ITEM 5. OTHER INFORMATION.
In order to be considered for inclusion in the Proxy Statement and
Form of Proxy distributed to Stockholders prior to the Annual
Meeting of Stockholders in 1999, a stockholder proposal must be
received by the Company no later than January 14, 1999. To be
considered for presentation at the Annual Meeting of Stockholders in
1999 although not included in the Proxy Statement and Form of Proxy,
proposals must be received no later than April 17, 1999. All
proposals should be delivered in writing to Wayne E. Mayhew III,
Vice President and Chief Financial Officer, Treasurer and Secretary,
Creative BioMolecules, Inc., 45 South Street, Hopkinton,
Massachusetts 01748.
ITEM 6. EXHIBITS AND REPORTS ON FORM 8-K.
(a) Exhibits.
Exhibit
Number Description
10.41 Employee Stock Purchase Plan, as amended on April 16,
1998.
10.55 Lease Agreement, dated as of May 15, 1998, by and
between the Registrant and Storm Meadows, Inc.

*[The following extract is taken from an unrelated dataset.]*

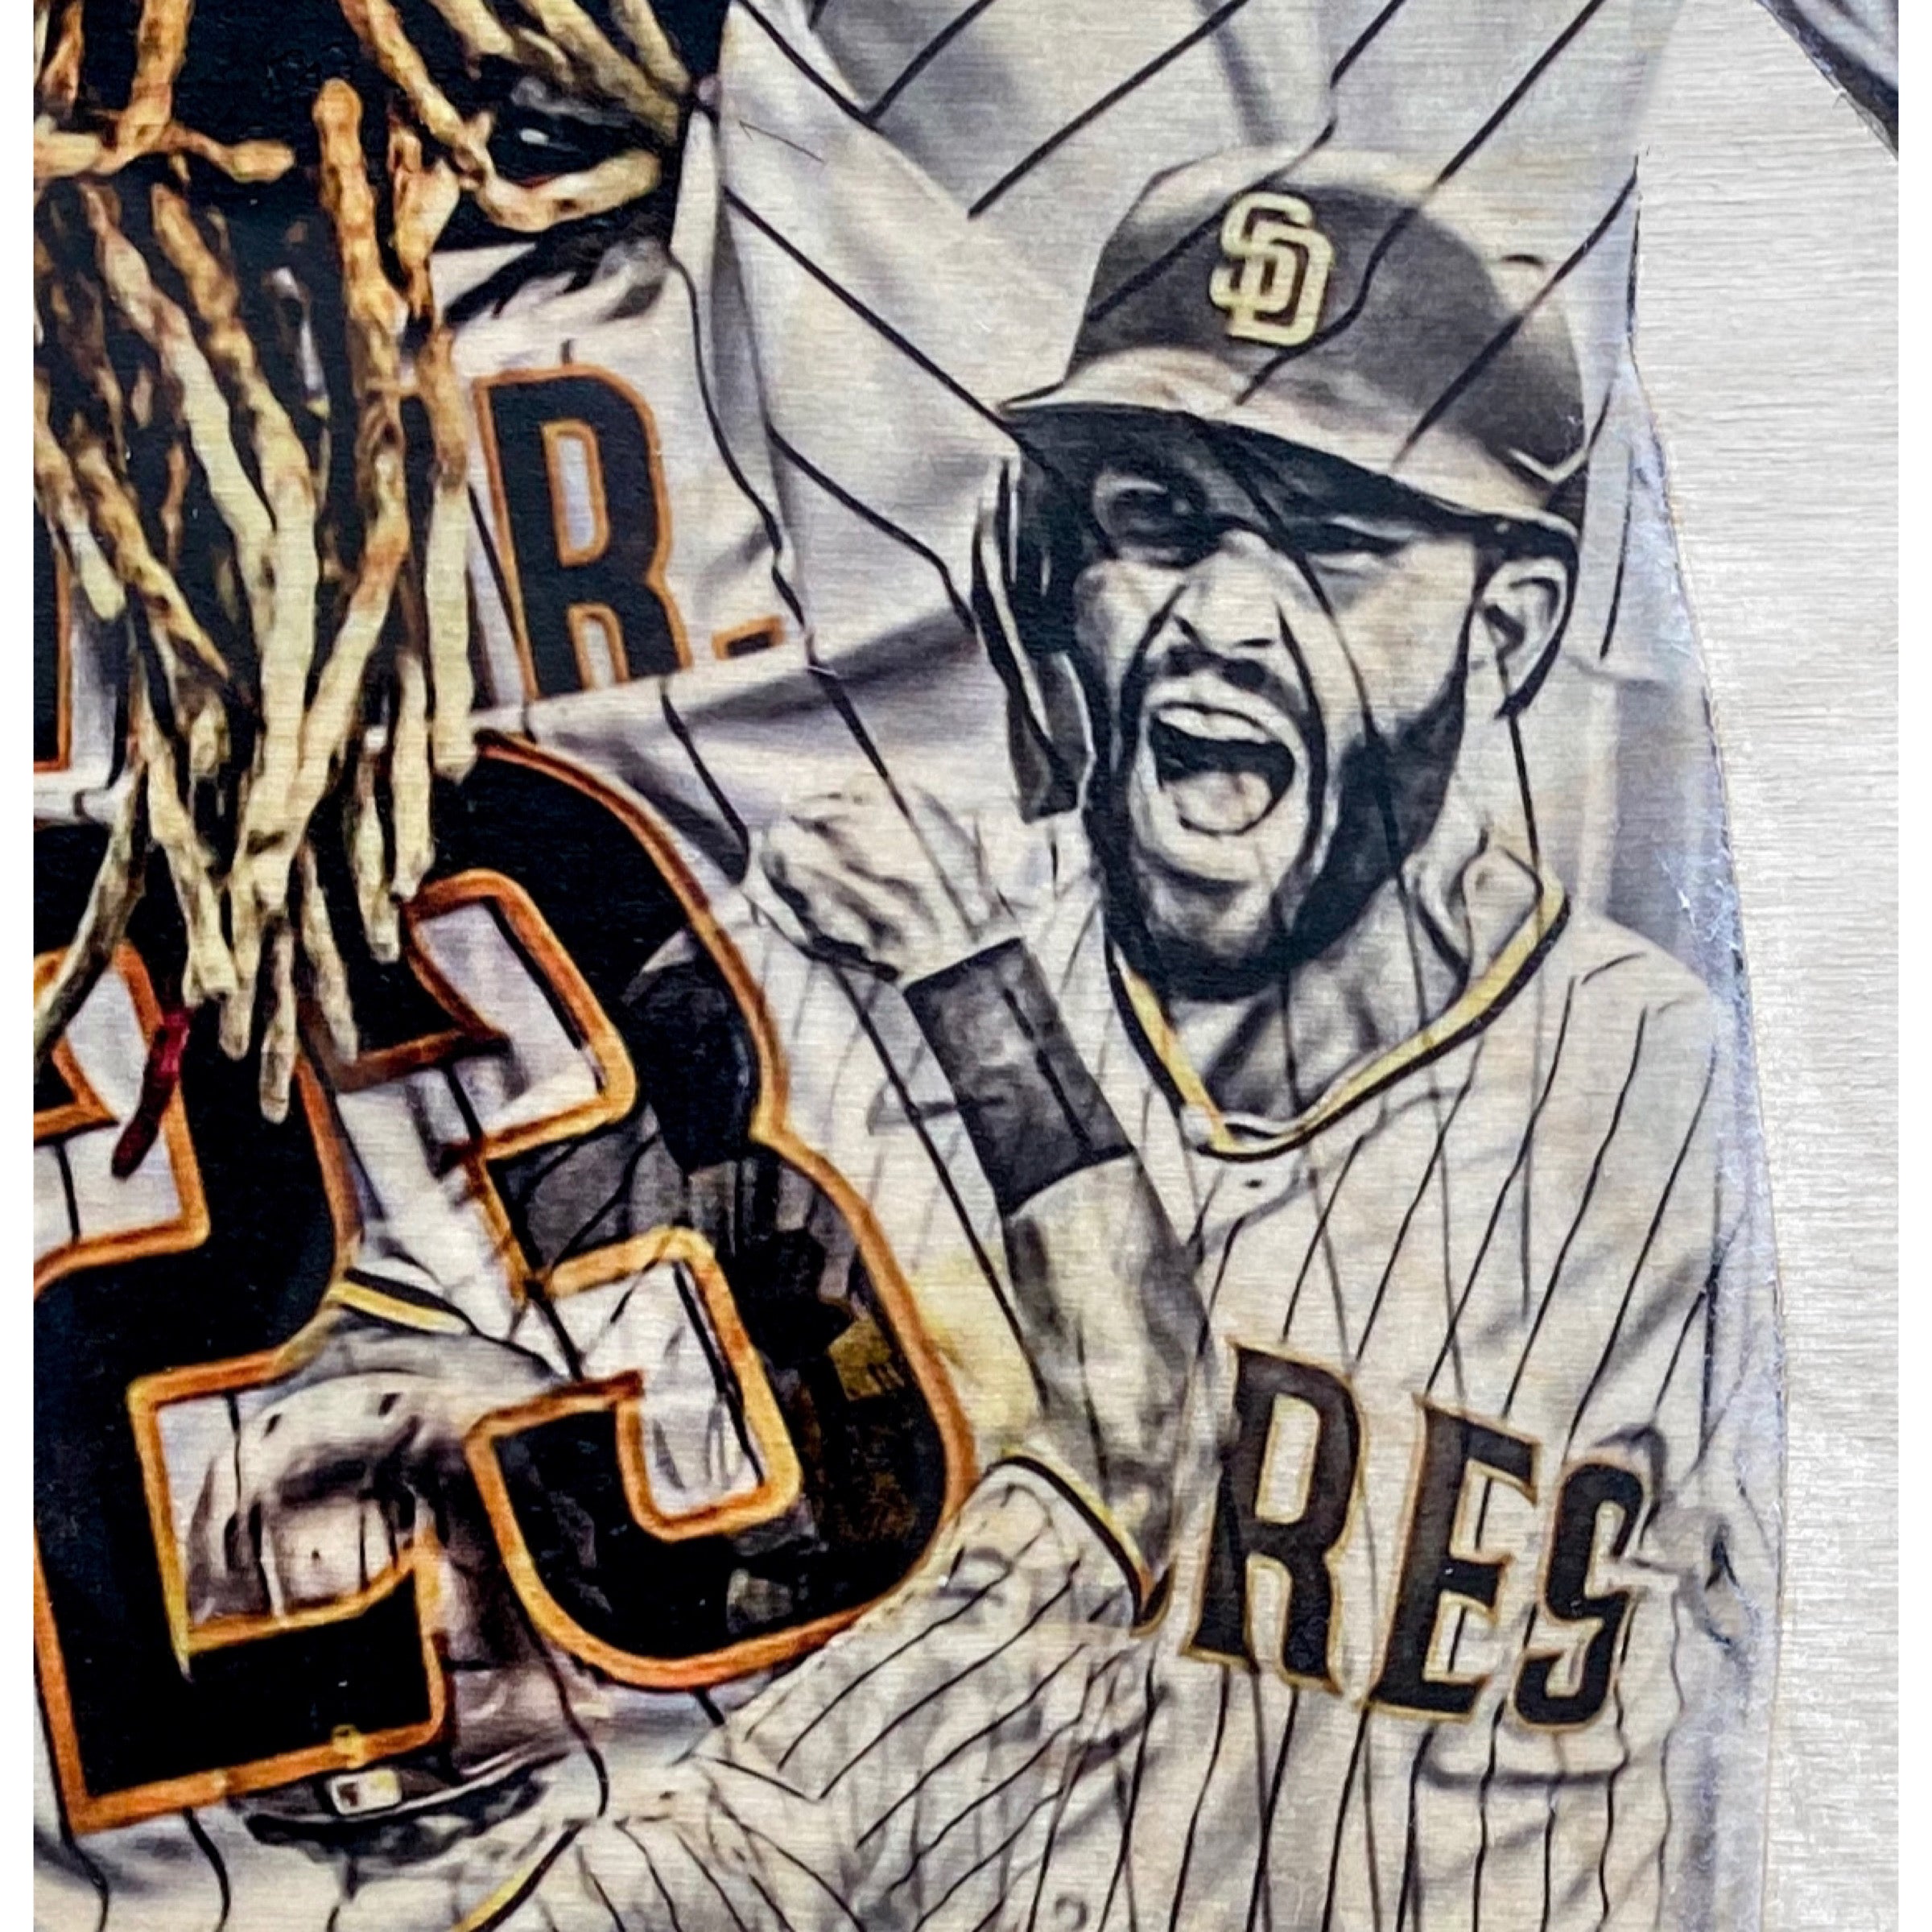 Following up my Slam Diego video from yesterday with some Slam Diego art!  Love this team and comminity. : r/Padres
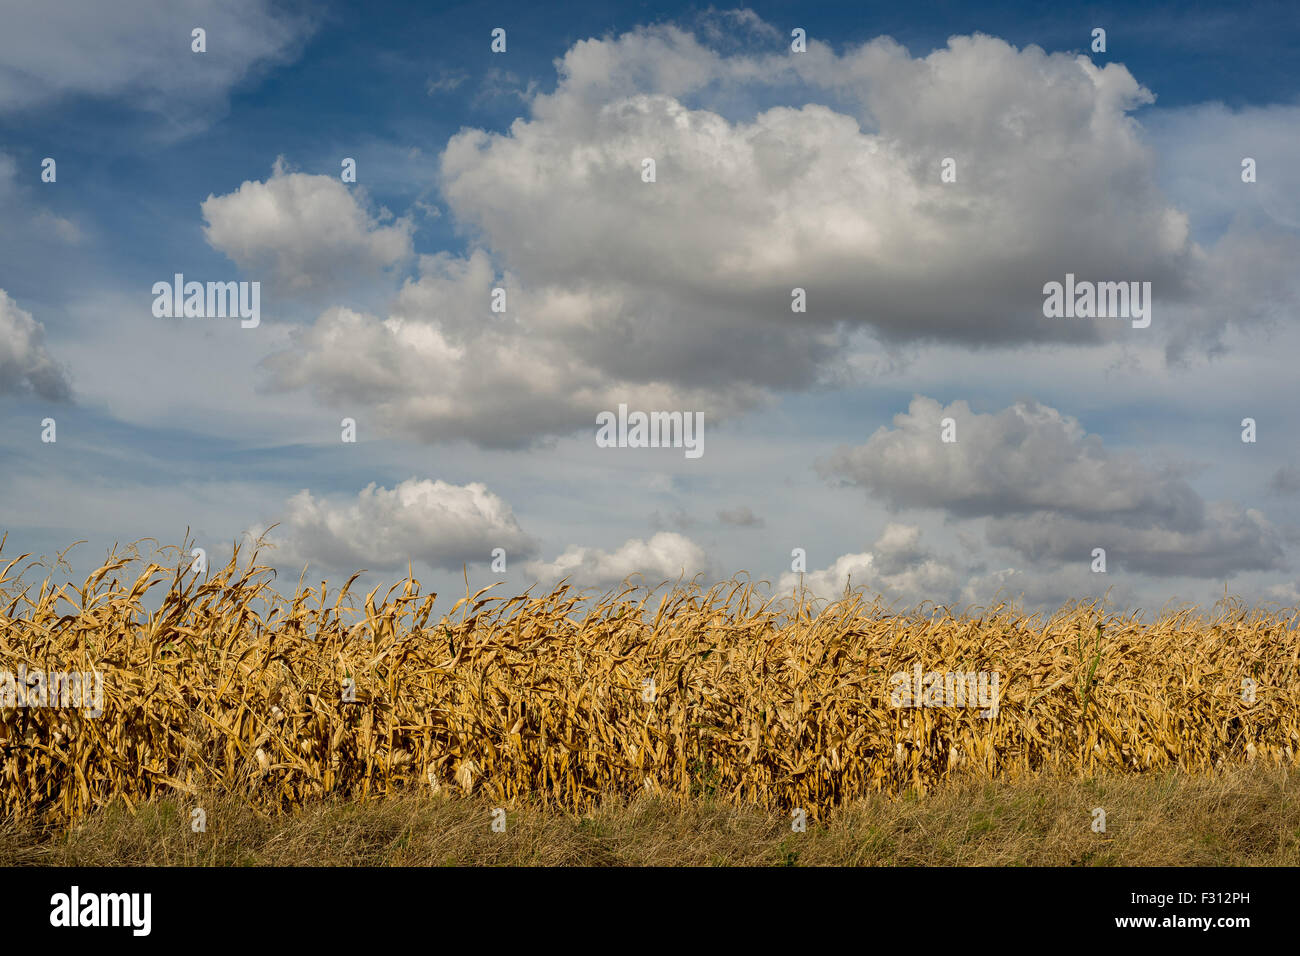 White cumulonimbus clouds in the blue sky over dry corn fields Lower Silesia Poland Stock Photo

27 Financial Data Schedule.
(b) Reports on Form 8-K.
On June 5, 1998, the Company filed a Current Report on Form 8-K,
dated May 27, 1998, to report the sale of 25,000 shares of the
Company's Series 1998/A Convertible Preferred Stock, with a stated
value of $1,000 per share, for an aggregate purchase price of
$25,000,000.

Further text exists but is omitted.